Question

If the sum of a certain \(n\) number of terms of the A.P. \(25, 22, 19, \ldots\) is \(116\), then the last term is:

• A. \(4\)
• B. \(3\)
• C. \(2\)
• D. \(-4\)

Hint:

For A.P. problems:

First find (n) using the sum formula
Then use (an = a + (n-1)d) to get the last term

Answer 1

The Correct Option is A

Step 1: Identify the first term and common difference.

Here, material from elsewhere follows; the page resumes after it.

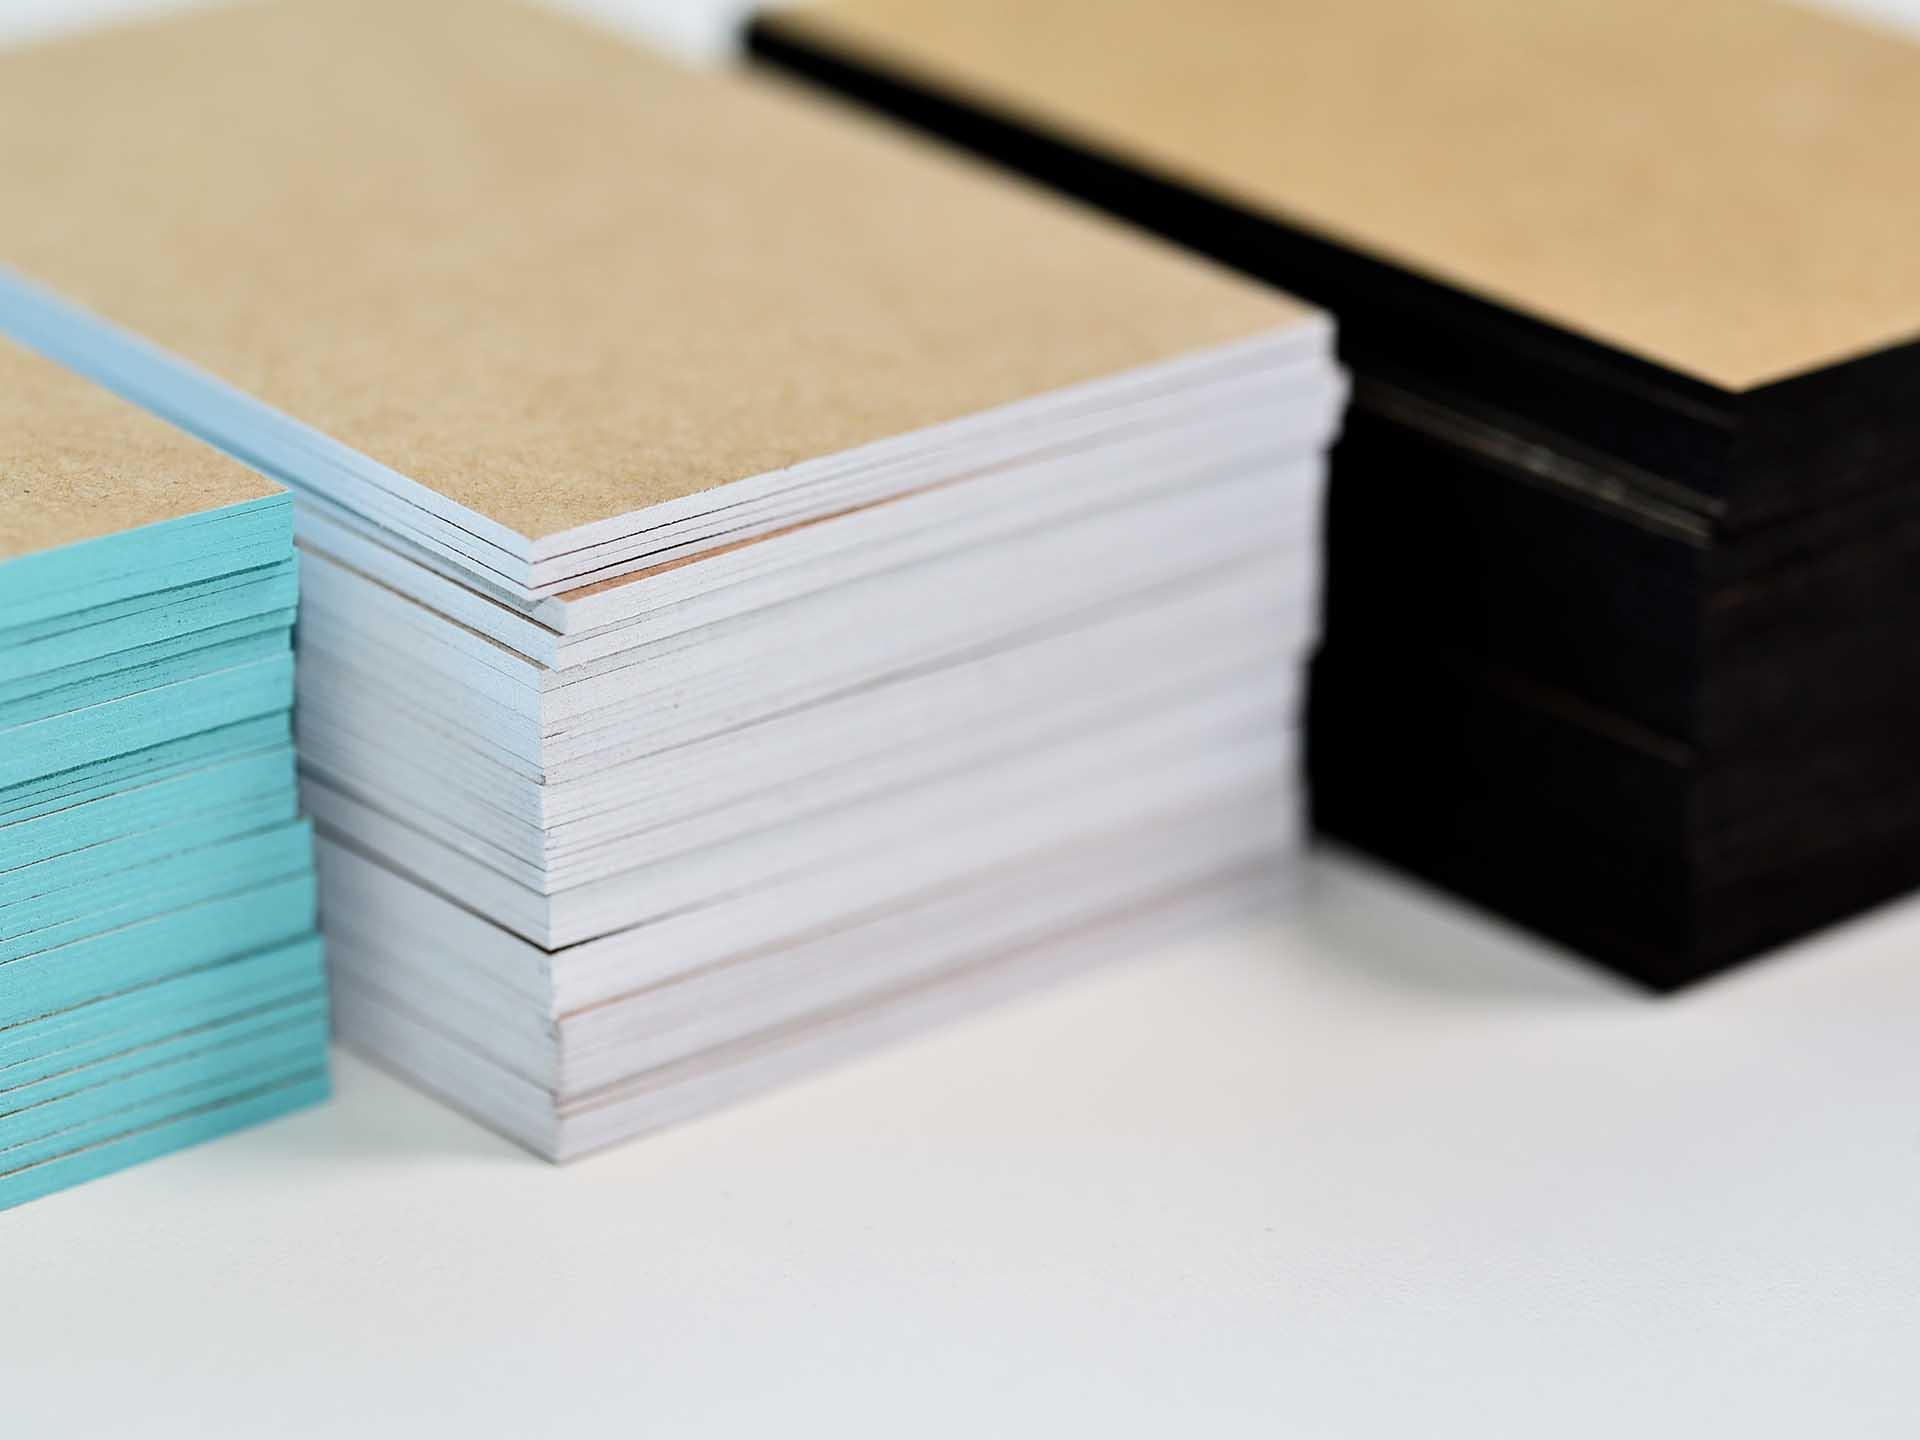 Blanko Visitenkarten Mit Farbschnitt Jetzt Mit Kraftkarton

Given A.P.: \(25, 22, 19, \ldots\) \[ a = 25,\quad d = 22 - 25 = -3 \] Step 2: Use the formula for the sum of first \(n\) terms of an A.P. \[ S_n = \frac{n}{2}\,[2a + (n-1)d] \] Given \(S_n = 116\): \[ 116 = \frac{n}{2}\,[2(25) + (n-1)(-3)] \] Step 3: Simplify the expression. \[ 116 = \frac{n}{2}\,[50 - 3n + 3] \] \[ 116 = \frac{n}{2}\,(53 - 3n) \] Step 4: Solve for \(n\). \[ 232 = n(53 - 3n) \] \[ 3n^2 - 53n + 232 = 0 \] \[ (3n - 29)(n - 8) = 0 \] \[ n = 8 \quad (\text{valid integer solution}) \] Step 5: Find the last term. The \(n\)th term of an A.P. is: \[ a_n = a + (n-1)d \] \[ a_8 = 25 + 7(-3) = 25 - 21 = 4 \] Step 6: Final conclusion. The last term of the A.P. is \(\boxed{4}\).